2. How does the text interact with debates concerning parasitism and behaviourallyinduced degeneration?
3. What is the significance or function of parasitism as a social metaphor? How does
the physicality of vampirism relate to social anxieties?
Heredity, Degeneration and Racial Othering
Miss Brandt is a dangerous acquaintance for all of you. We medical men know the consequences
of heredity better than outsiders can do. A girl born in such circumstances–bred of sensuality,
cruelty, and heartlessness–cannot, in the order of things, be modest, kind, or sympathetic. (70)
“When the cat is black, the kitten is black too! It’s the law of Nature!”
“I don’t believe it! Miss Brandt bears no trace in feature or character of the parentage you
ascribe to her!”
“Does she not? Your assertion only proves your ignorance of character or characteristics.
The girl is a quadroon, and she shews it distinctly in her long-shaped eyes with their blue whites
and her wide mouth and blood red lips!” (77)
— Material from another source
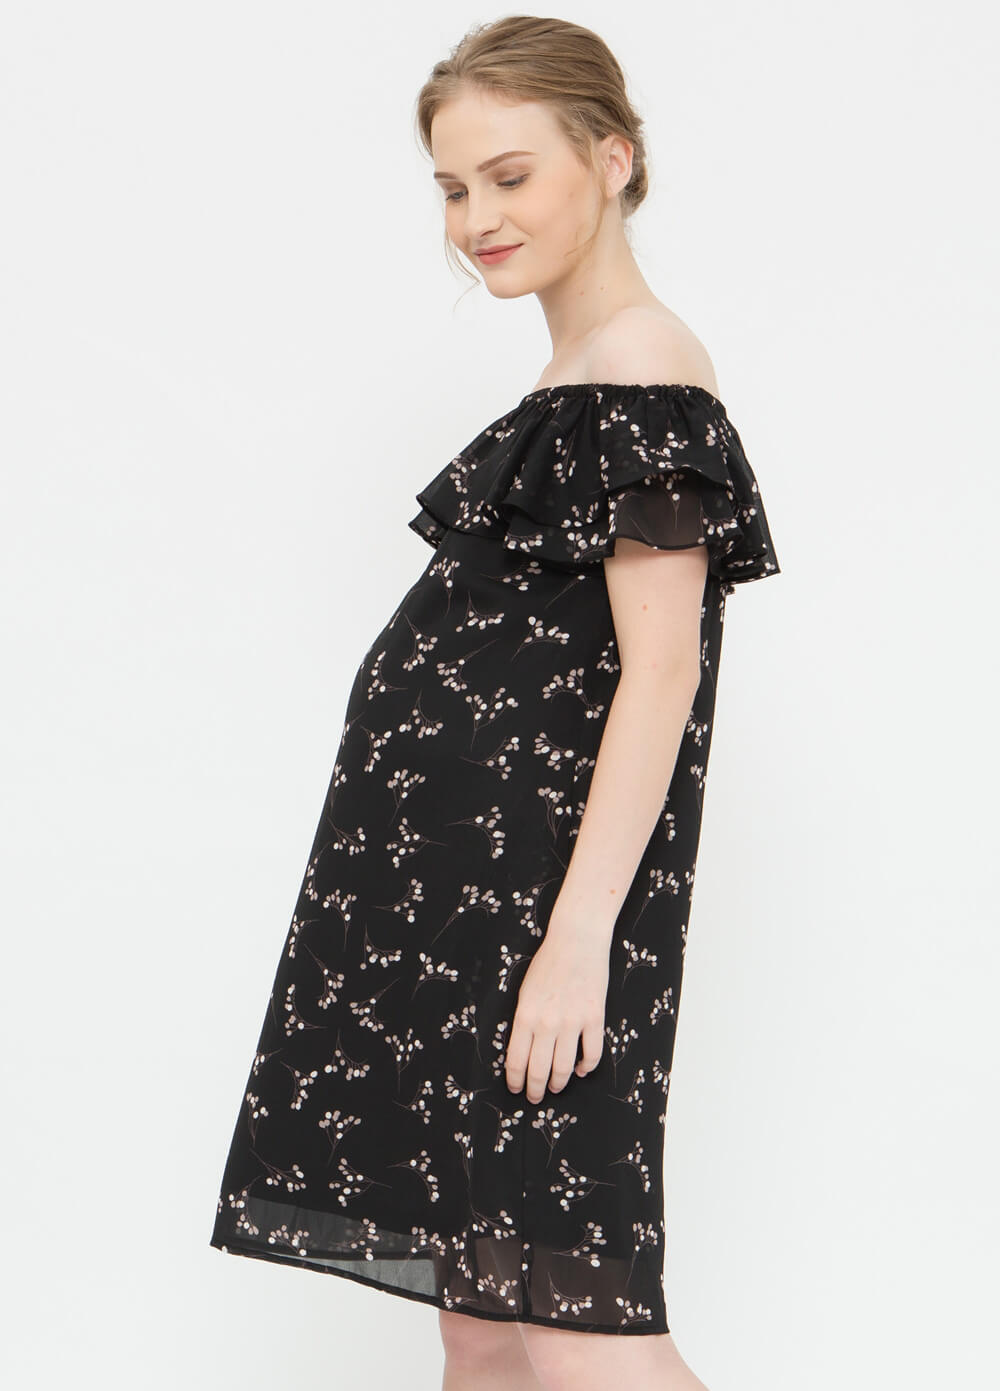 Clarinda Maternity Nursing Party Dress in Black Print by Spring

“It would be cowardly to desert a girl just because her father and mother happened to be brutes!
It is not her fault!”
“I quite allow that! Neither is it the fault of the madman that his progenitors had lunacy in
their blood, nor of a consumptive that his were strumous. All the same that facts effect the lives
of those with whom they come in contact. It is the curse of heredity! (78)
1. How does the text interact with debates concerning heredity?
2. How is race pathologised?
3. How does the text reflect debates concerning miscegenation?